REVIEW: A Song For Quiet by Cassandra Khaw

Deacon James is a blues man. Not the stereotypical figure of a blues man either. There’s no deals done at crossroads, no careful deployment of artfully vague music as magic. Deacon is good at what he does, famous enough to be a little noticed, and folded in half with grief.

Deacon is also in the wrong place at the right time, his grief and anger combining with something truly monstrous and propelling him into the centre of a situation so vast he can only perceive some of it. A situation that John Persons is very interested in…

Cassandra Khaw is fearless and that gives this book a spine it hangs extraordinary things off. Persons, front and center in Hammers On Bone, is a supporting character here, a man rendered into something booth less and more than the hat he wears. This is Persons not as a man suit containing a God but a God trying on a man suit. It’s also Persons as the ultimate embodiment of his stereotype; the weary, bitter PI of Bone replaced by a younger, more enthusiastic piece of biological cosplay. You can almost hear his accent shift from Bogey to Cagney, almost see his facial features morph from Marlowe to Hammer. Because this is a prequel, and because the focus is not on Persons that gives him more freedom. Unbound, like his author, he’s an enigmatic, sinister figure whose agenda is only partially apparent until the very end. Even then, there’s a sense of this being Persons in transition, on his way to who we meet in Bone but taking the long way round.

This gleeful subversion of the core character is just the start of the chances A Song For Quiet takes. Here, Khaw re positions the Cthulhu mythos as a theological iceberg. It becomes something comparable to the vast creatures in Stephen King’s The Mist, its consequences vast and all consuming but still just the signs of its passing. The simple fact that Deacon is unlucky (or perhaps, his luck is…pushed) speaks to that. As does the calm, careful incision that peels back just where the story is taking place and everything that implies.

But where the novella really strikes home is with Deacon and everything he isn’t. It’s incredibly simple to write a standard off the peg supernatural blues story. You focus on Robert Johnson’s career, you set every second sequence at a crossroads and you make sure the devil is immaculately dressed, urbane and ruthless. Supernatural got at least a season out of that sort of approach and its fun.

But it’s also reductive of an entire genre and the culture behind it. That’s not even a criticism, it’s just a fact. The Blues is intimately tied to a vast area of history in terms of geography and time. To talk about all of it in a fictional context is all but impossible so, for the most part, people focus in on Johnson, the crossroads and the devil.

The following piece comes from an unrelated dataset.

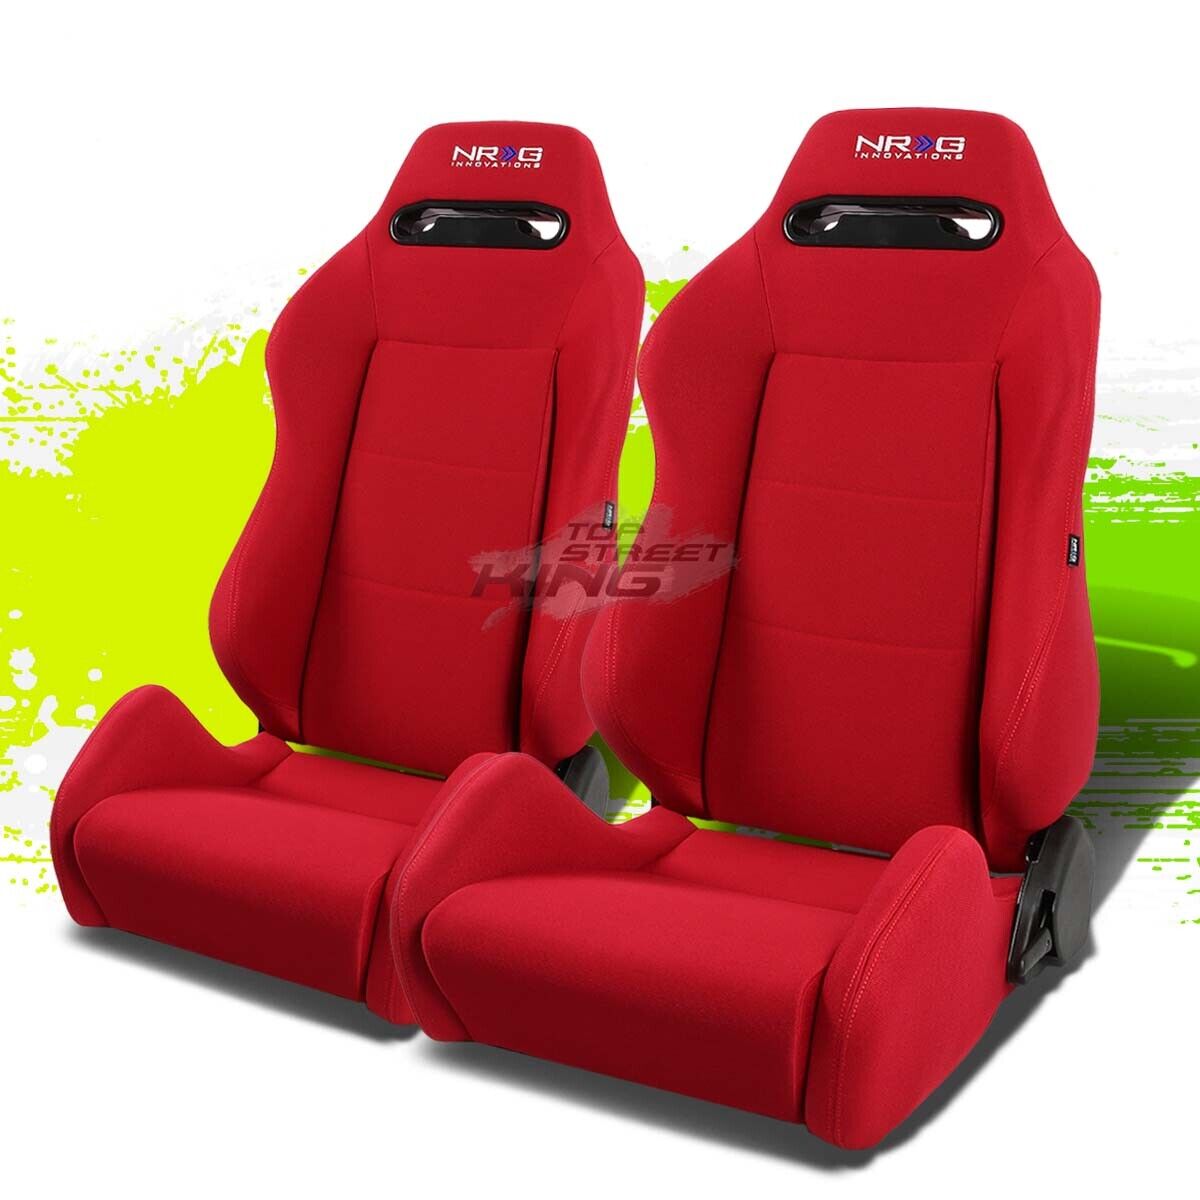 2 X NRG TYPE-R FULLY RECLINABLE LIGHT SEAT/SEATS+ADJUSTABLE SLIDER RED+STITCH

Khaw takes a different approach. Here, again, the Blues is used as a tidal force whose effects are felt more than its seen. Deacon is famous enough for the harassment he suffers to be mitigated. He’s not famous enough to not have to worry about it and he’s painfully aware of the width of the corridor he’s chipping through life. Deacon is surviving, but he’s not doing very much more than that.

It would be easy to make the ‘voice’ he’s infected with Faustian but its so much more interesting than that. Deacon acquires power, the ability to dominate an audience and the reality around it and it absolutely terrifies him. It also proves intensely personally destructive and that folds the book into its most interesting shape.

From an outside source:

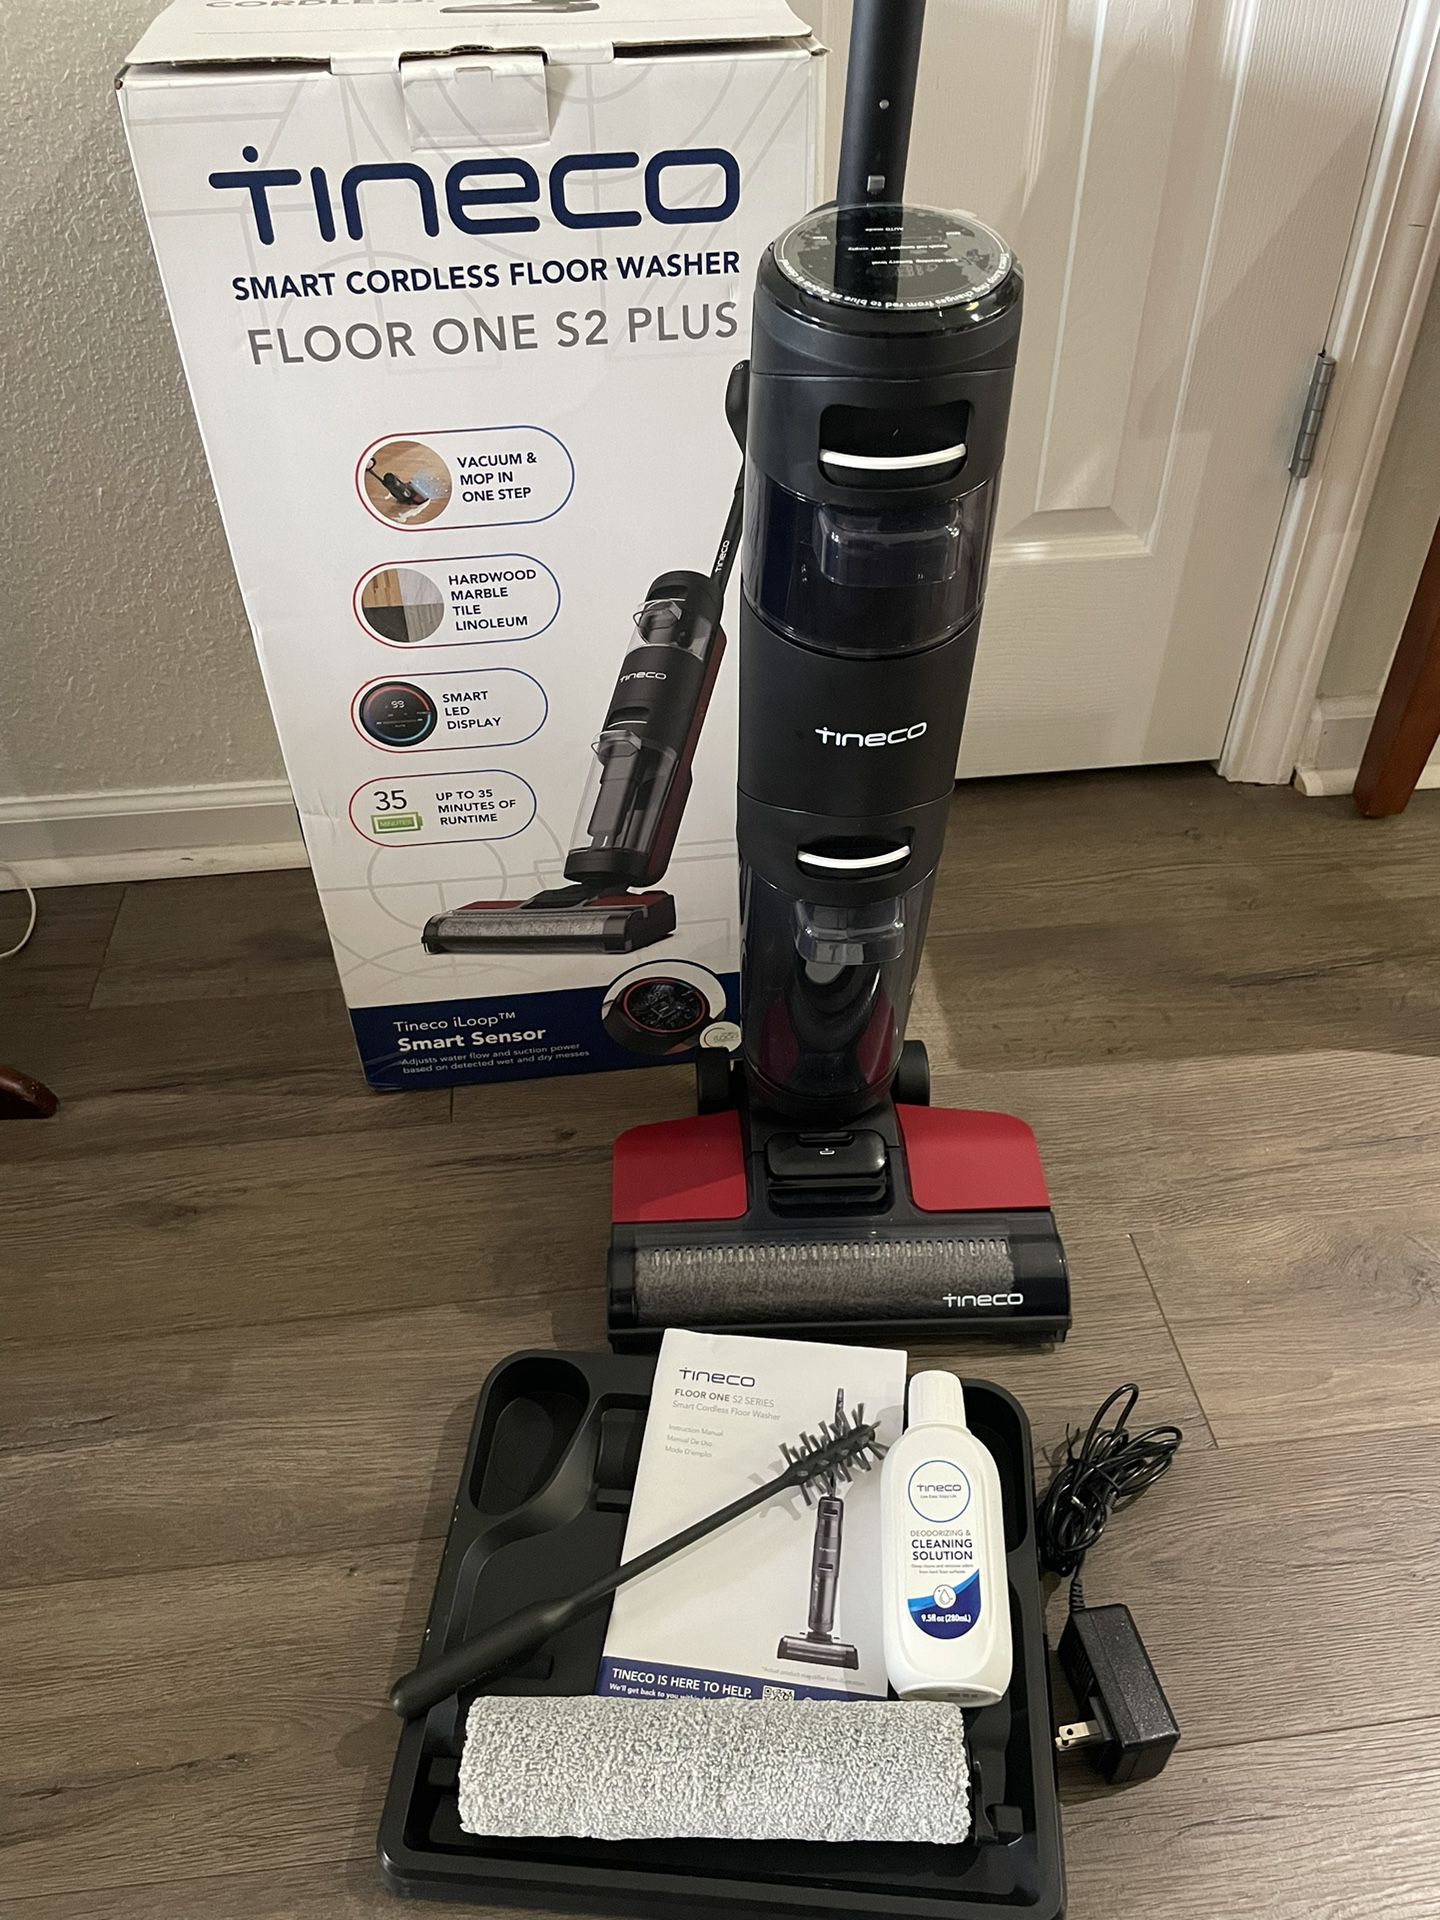 iFloor S2 Plus Cordless Wet/Dry Vacuum Cleaner and Hard Floor Washer with Accessory Pack. OPEN BOX

Deacon’s background, his choices and his craft wrap a discussion of institutionalized racism around a detailed examination of the creative mindset and the endless march of Doing The Work. The creative rails Deacon travels are the same ones that carnies, professional wrestlers, journeyman fighters and mid list authors know so well. Do the work. Keep healthy. Do the work again. Repeat.

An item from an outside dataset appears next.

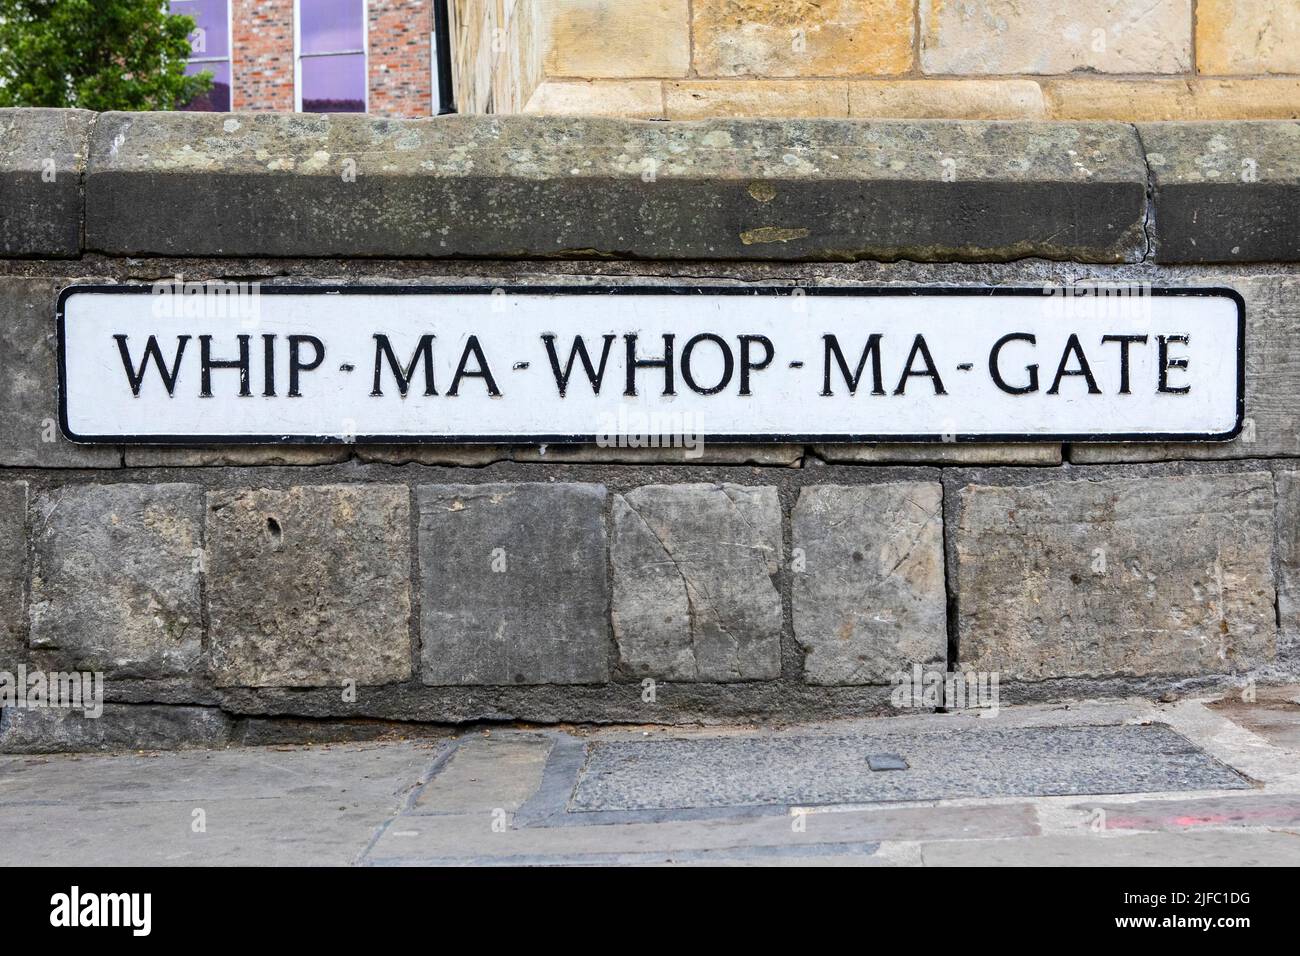 Street sign for Whip-Ma-Whop-Ma-Gate in the city of York, UK. Stock Photo

Success, visibility for Deacon here is acquainted with destruction. Not the destruction of an overdose in a Paris bathroom but the destruction of being ripped apart by the work you do and the attention it garners. For a performer of any sort that’s an extraordinarily powerful motif. For a performer of color like Deacon, that’s a career choice he can’t escape from. Be mediocre forever. Be brilliant once. Deacon makes the right choice. Persons, that’s a different story. And that’s just what he wants.

A Song For Quiet is fearless. It’s a fearless examination of the price we pay for creativity, the cost of success and the unique perils of being a black man with a public image. The fact its also a blisteringly smart horror story and a re-purposing of an often intensely racist mythos makes it all the more impressive. Fierce, horrific, humane and a welcome return for John Persons and his world.